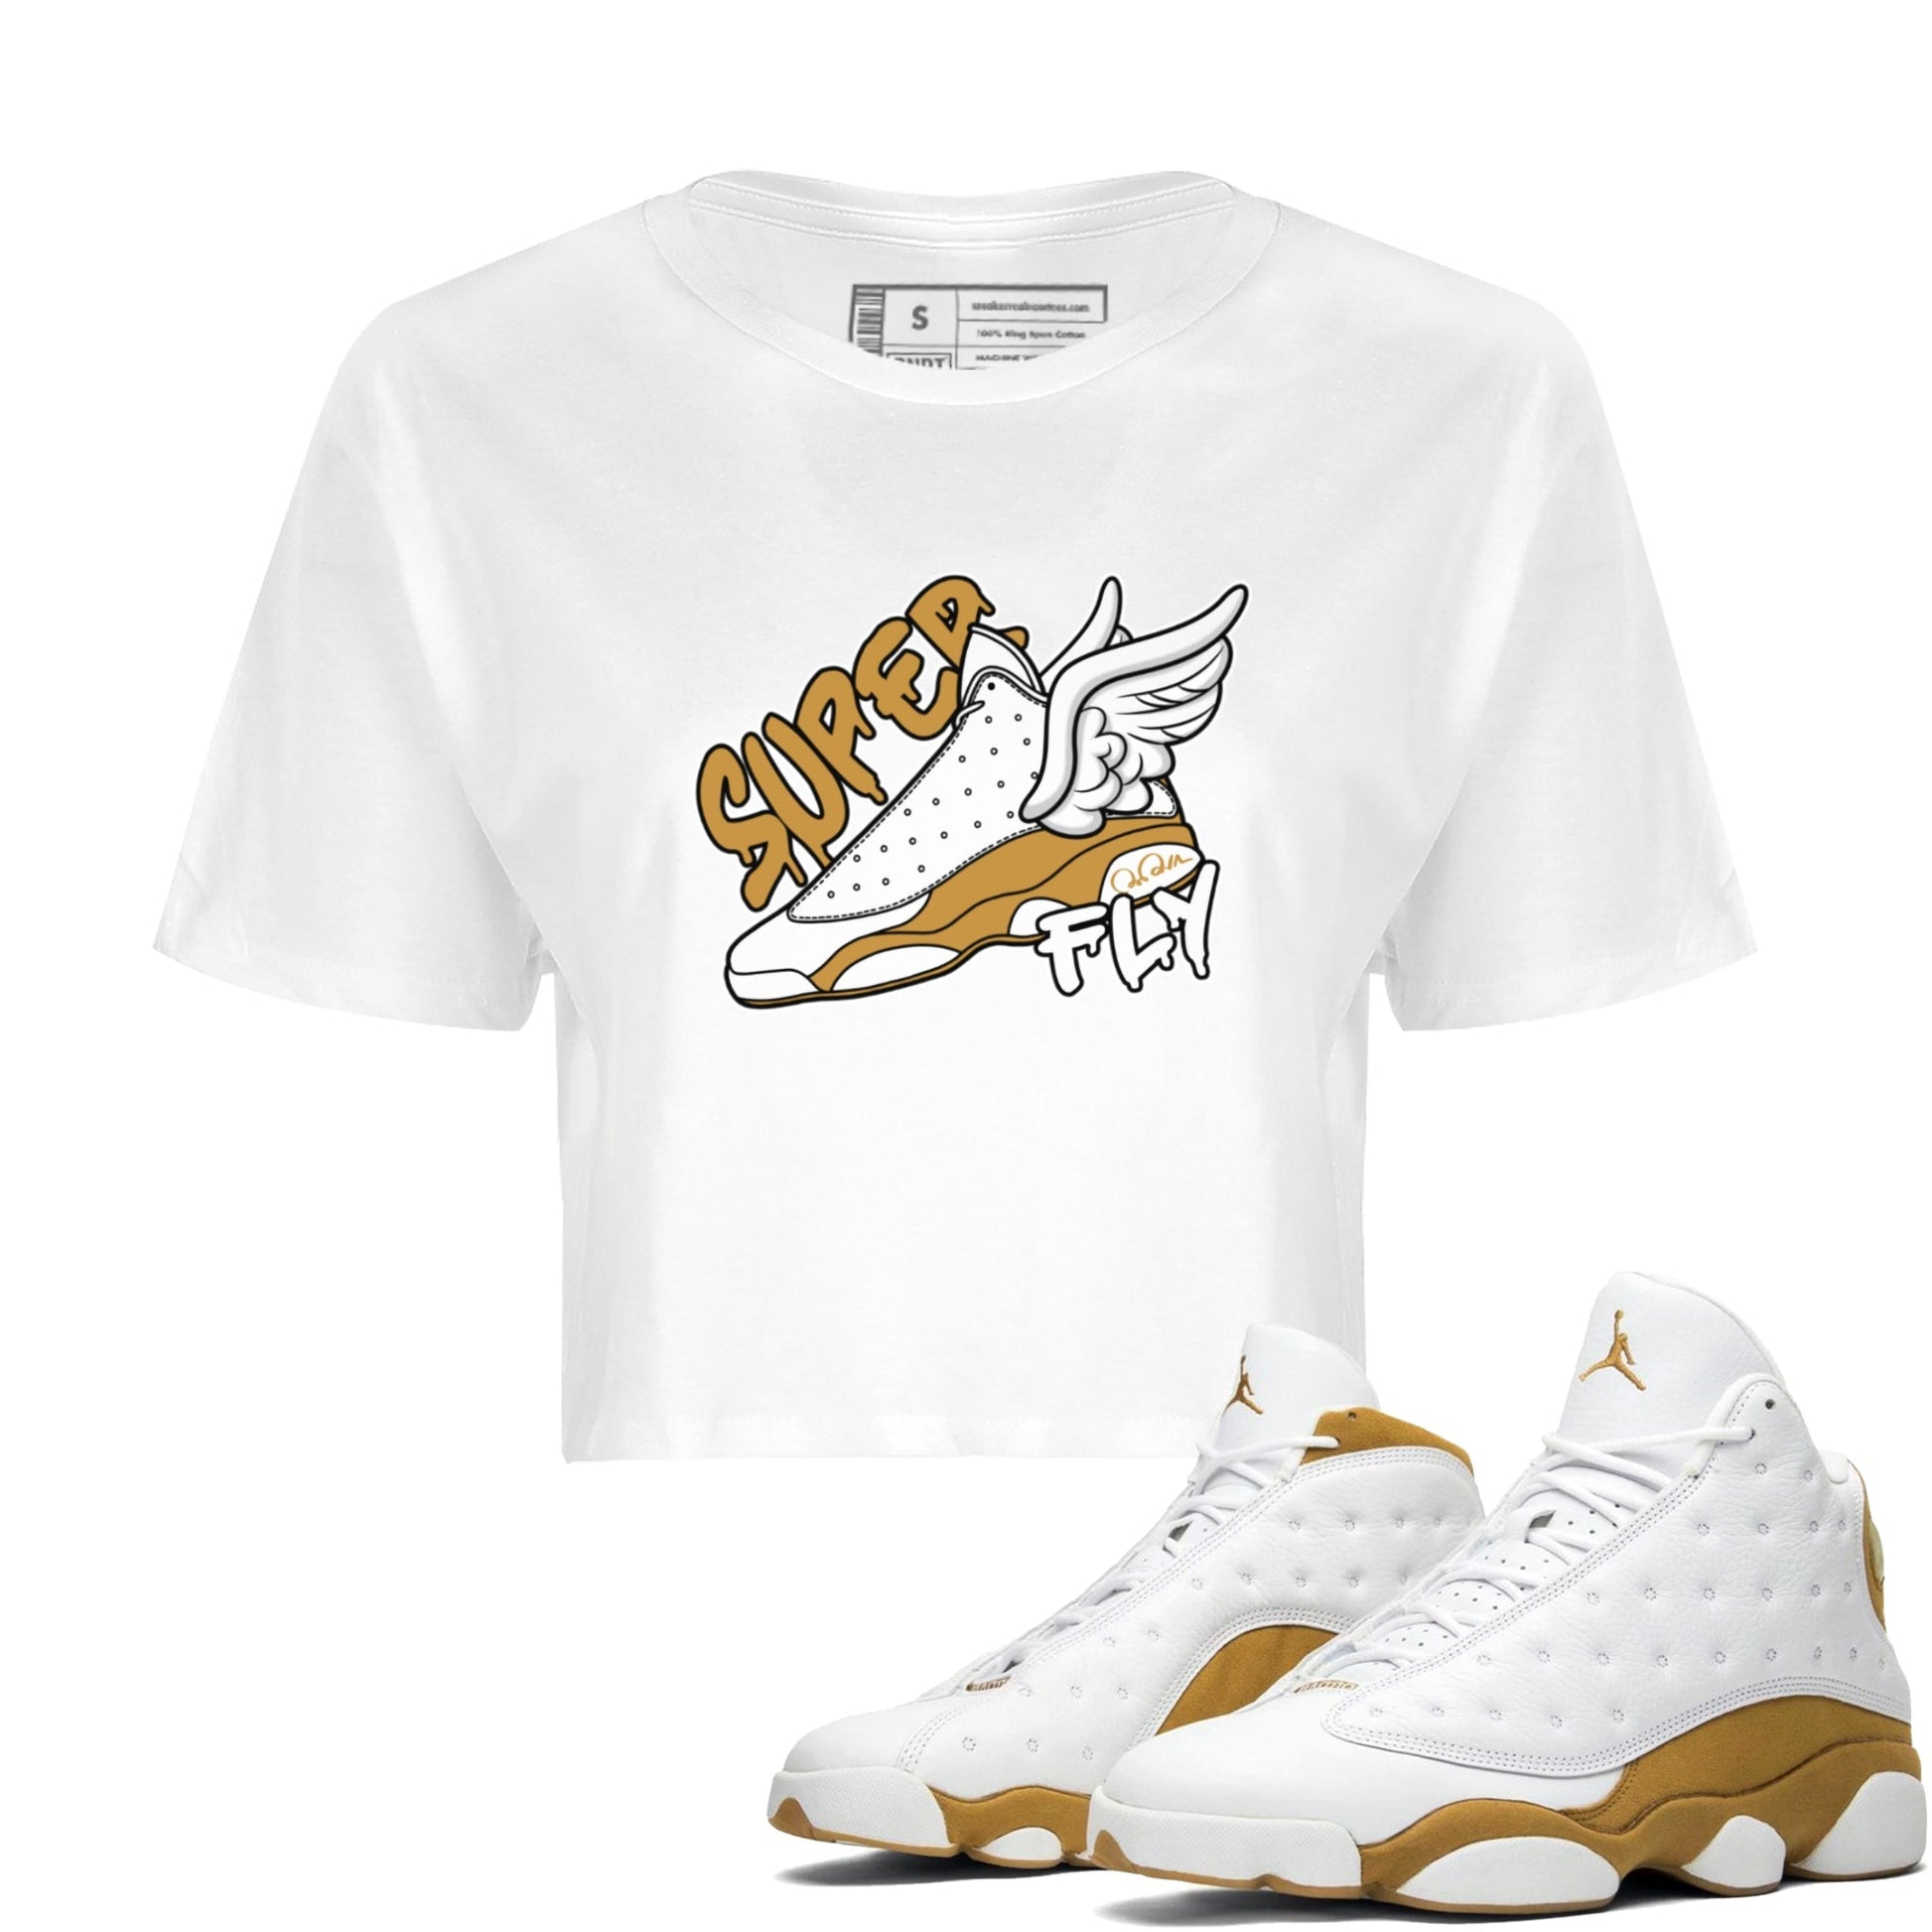 Air Jordan 13 Wheat Sneaker Match Tees Super Fly Sneaker Tees AJ13 Wheat Sneaker Release Tees Women's Shirts White 1
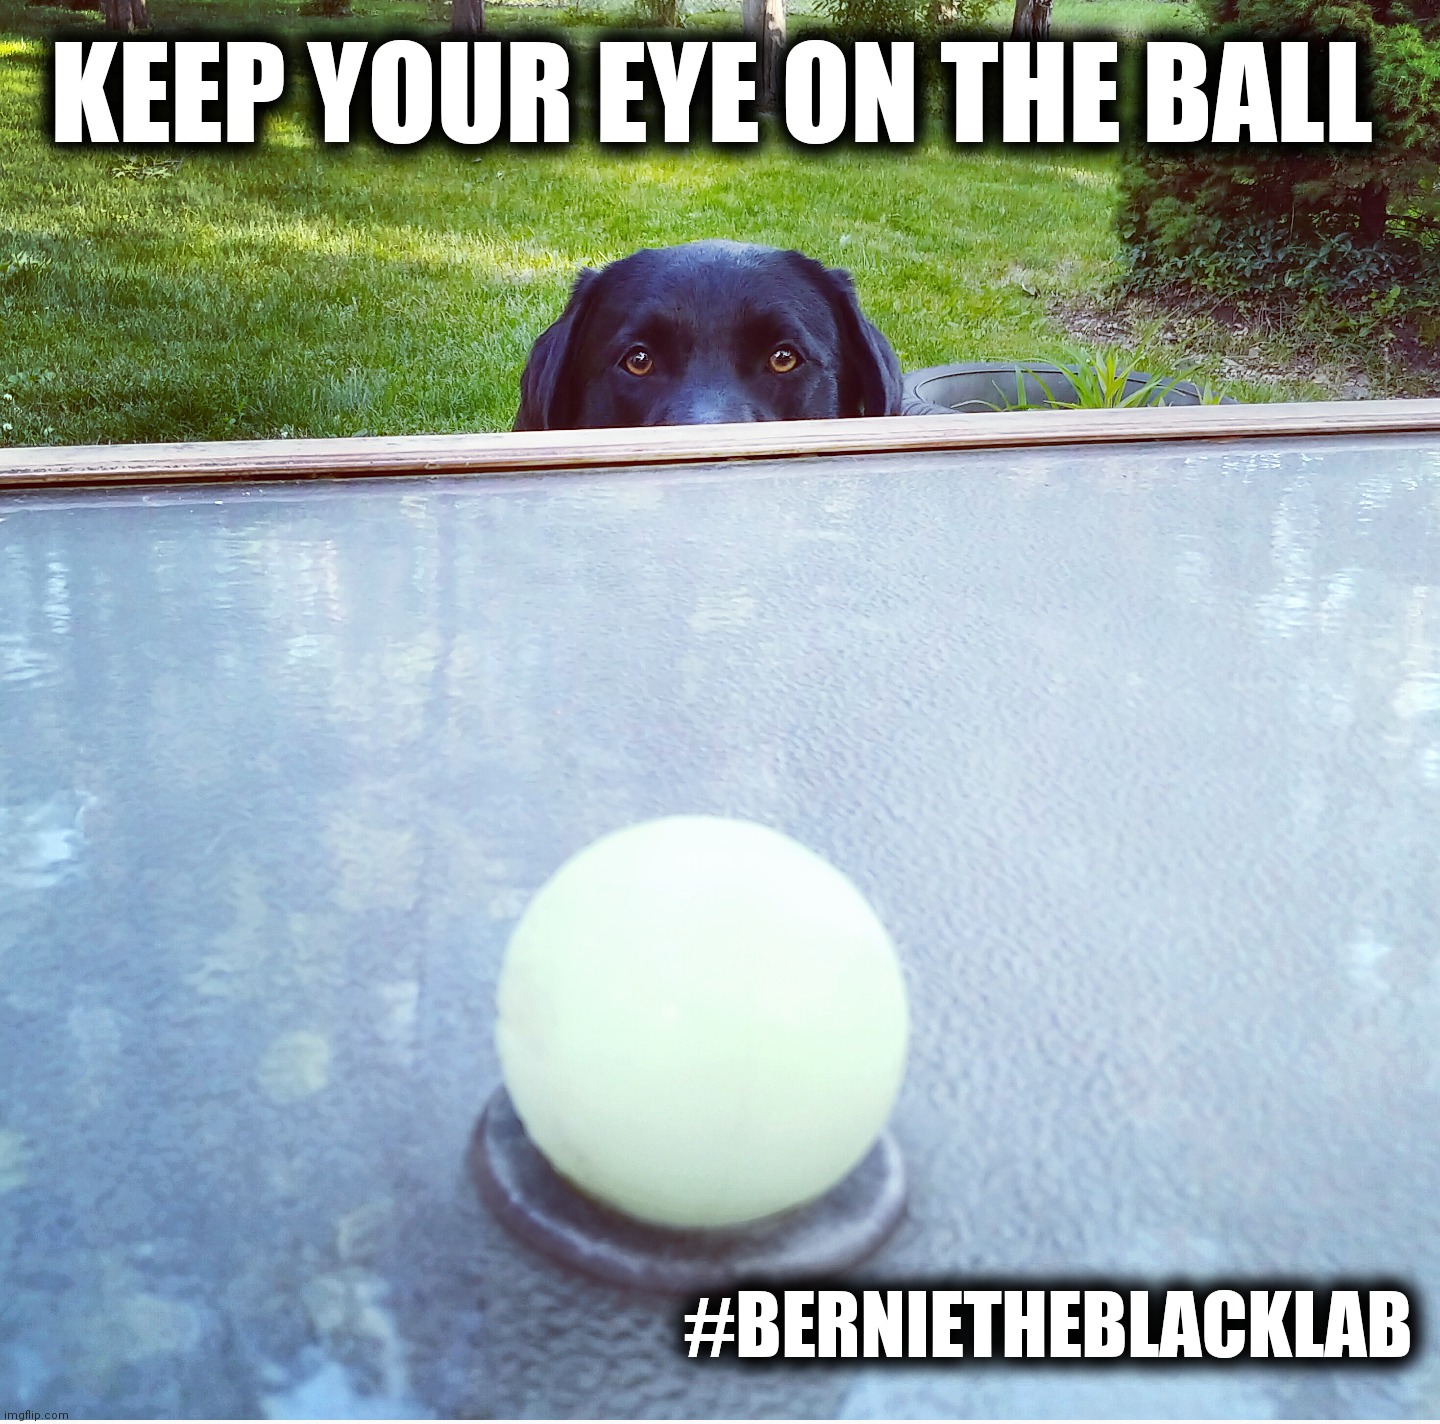 Keep your eye on the ball |  KEEP YOUR EYE ON THE BALL; #BERNIETHEBLACKLAB | image tagged in keep your eye on the ball,ball,dog,bernie the black lab,cute,memes | made w/ Imgflip meme maker
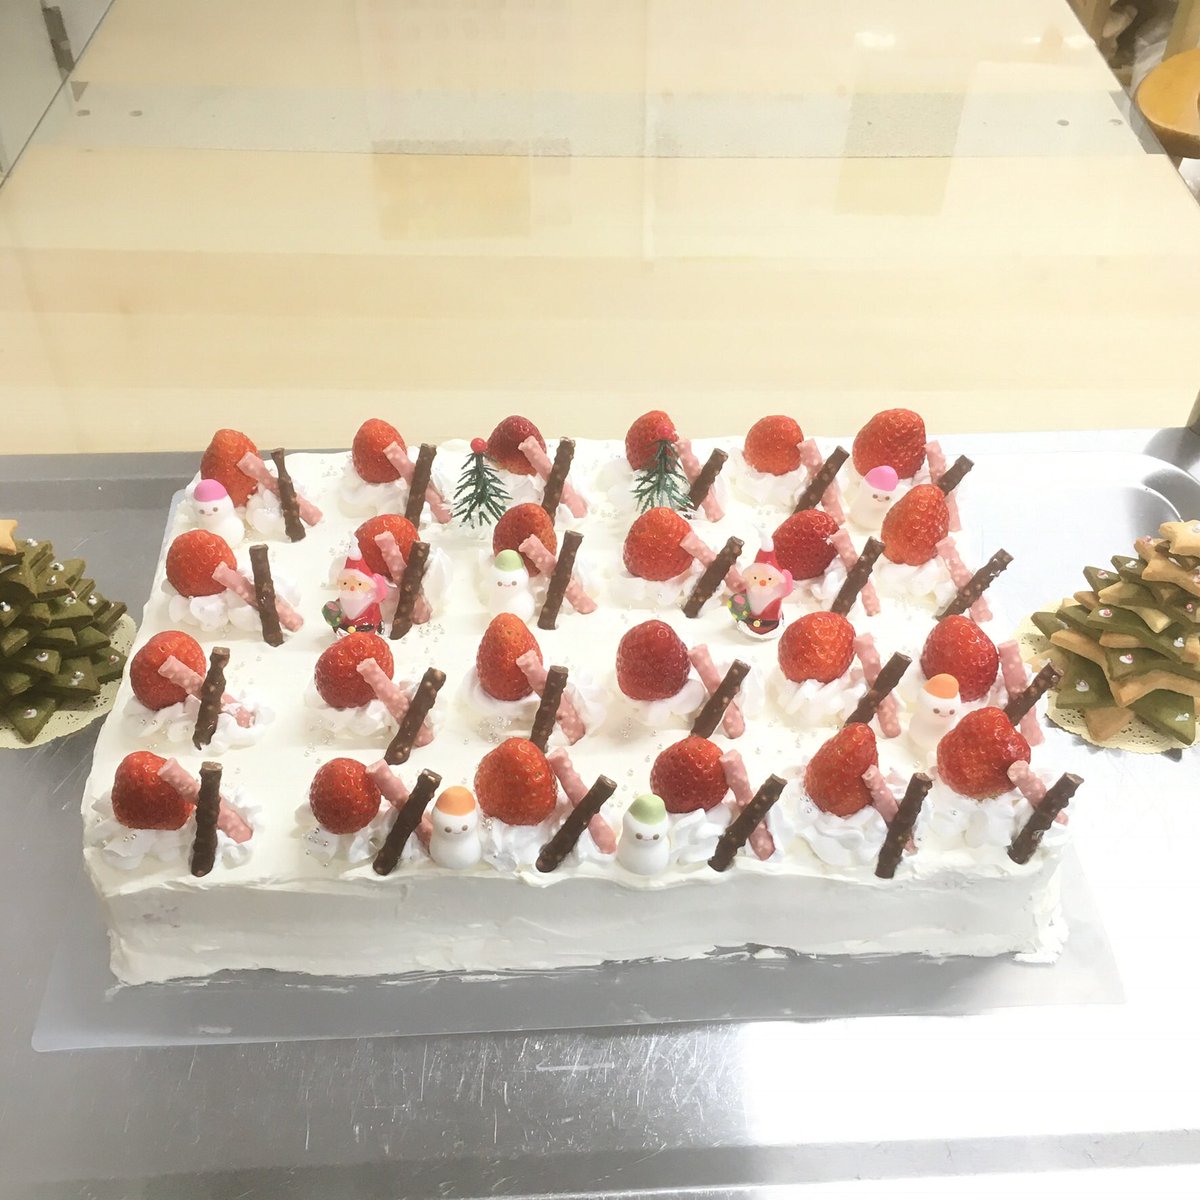 Kauri Cafe Factory در توییتر Kauriのクリスマスパーティー カラオケしたり ケーキつくったり コーヒードリップしたり 盛りだくさんで楽しみました 手作りケーキ 豪華で美味しかったなー 手作りケーキ クリスマス 伊奈町 就労継続支援
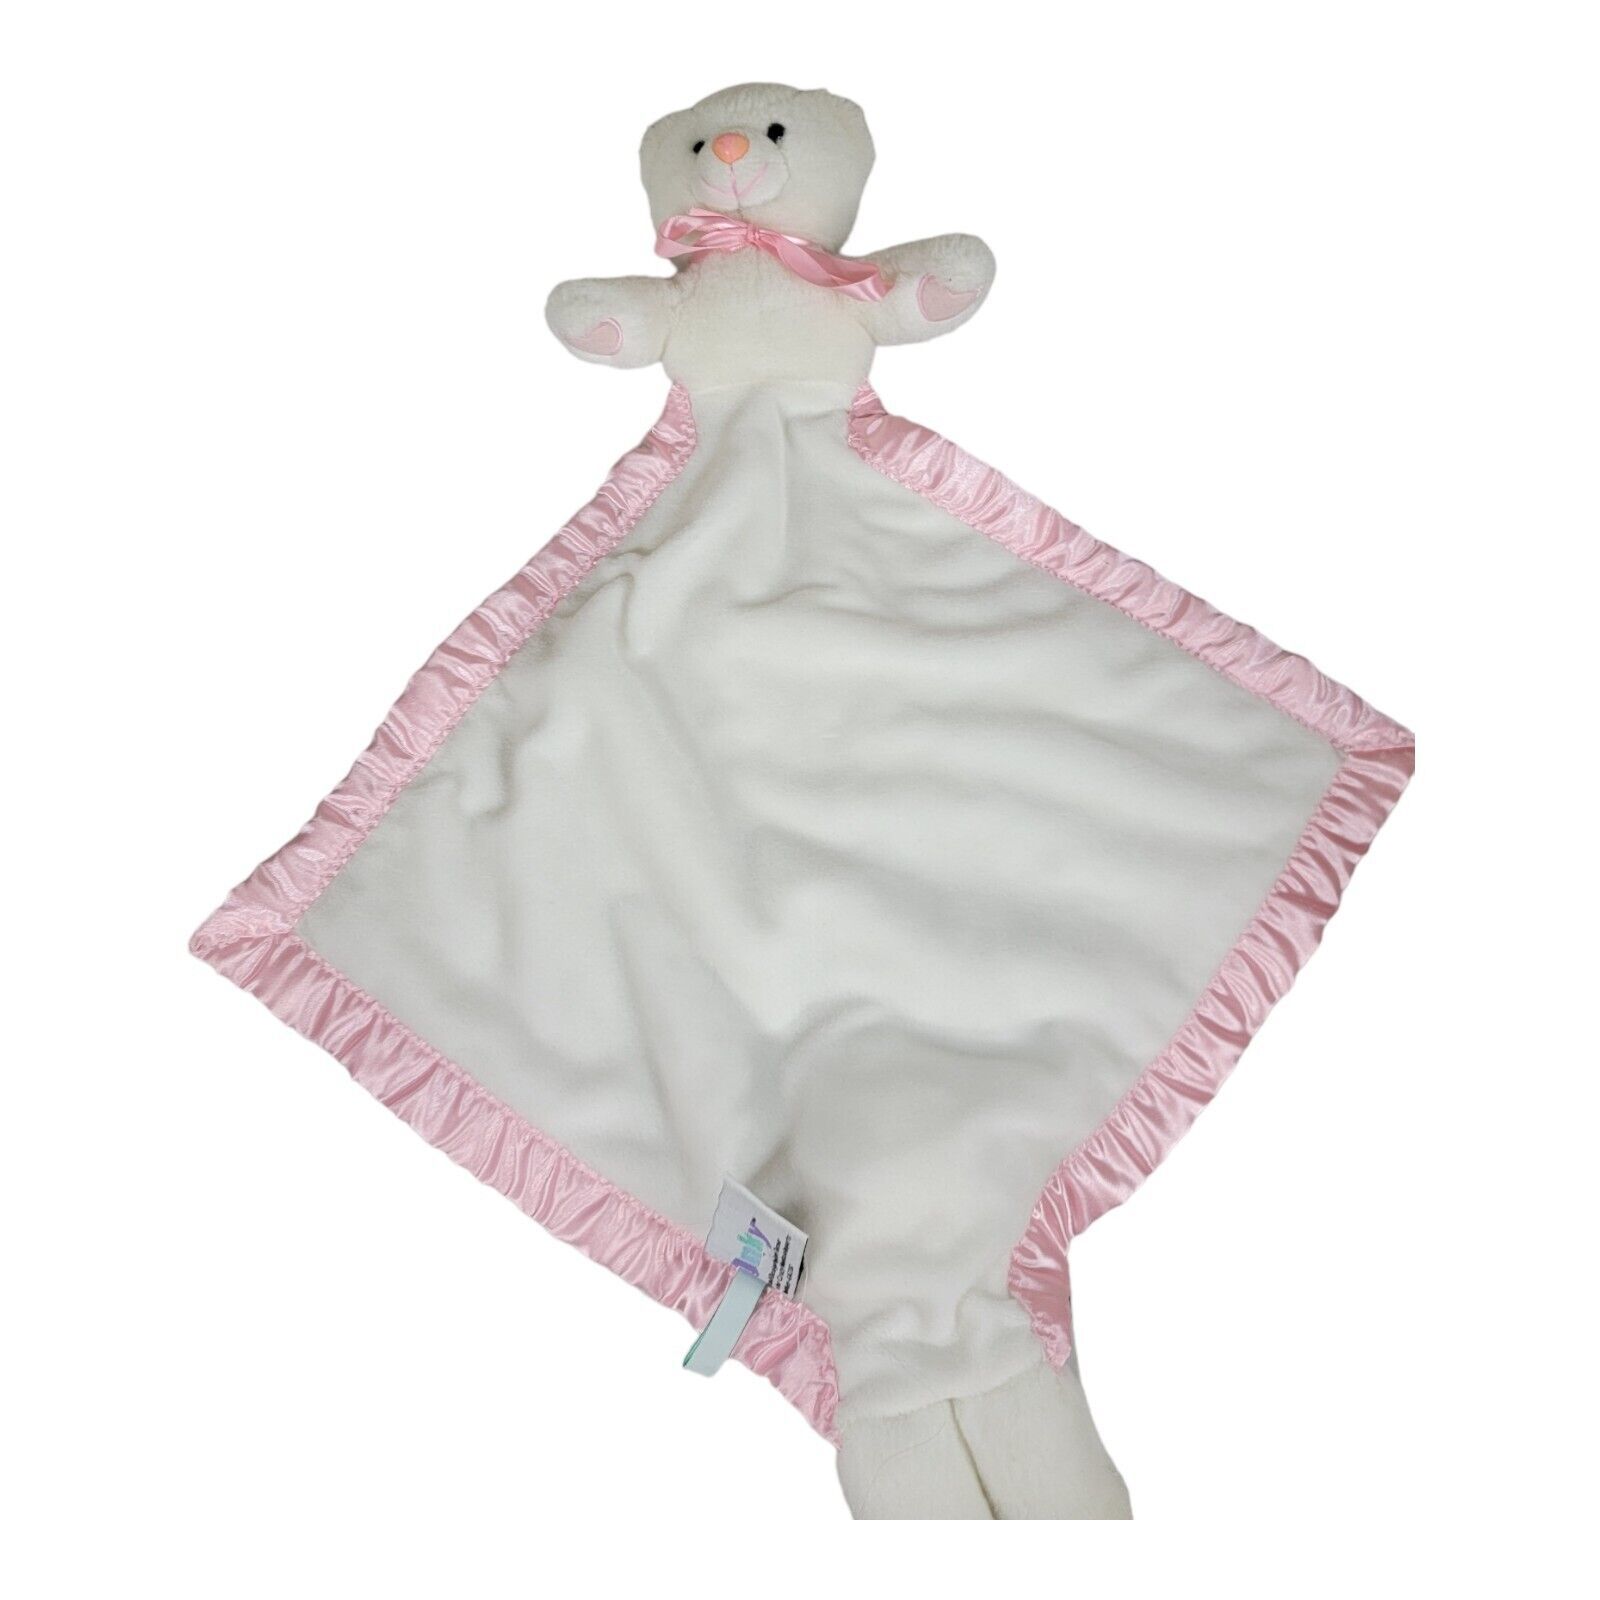 My Banky Blankie Lovie Lovey Plush Teddy Bear Satin Trim Baby Blanket Toy Pink - $23.27

## [PROBLEM TO WORK ON]
With the pictures removed, output the listing above exactly.

## [ANSWER AREA]
 Air Jordan 13 Wheat Sneaker Match Tees Super Fly Sneaker Tees AJ13 Wheat Sneaker Release Tees Women's Shirts White 1
 Keep your eye on the ball |  KEEP YOUR EYE ON THE BALL; #BERNIETHEBLACKLAB | image tagged in keep your eye on the ball,ball,dog,bernie the black lab,cute,memes | made w/ Imgflip meme maker
 Kauri Cafe Factory در توییتر Kauriのクリスマスパーティー カラオケしたり ケーキつくったり コーヒードリップしたり 盛りだくさんで楽しみました 手作りケーキ 豪華で美味しかったなー 手作りケーキ クリスマス 伊奈町 就労継続支援
 My Banky Blankie Lovie Lovey Plush Teddy Bear Satin Trim Baby Blanket Toy Pink - $23.27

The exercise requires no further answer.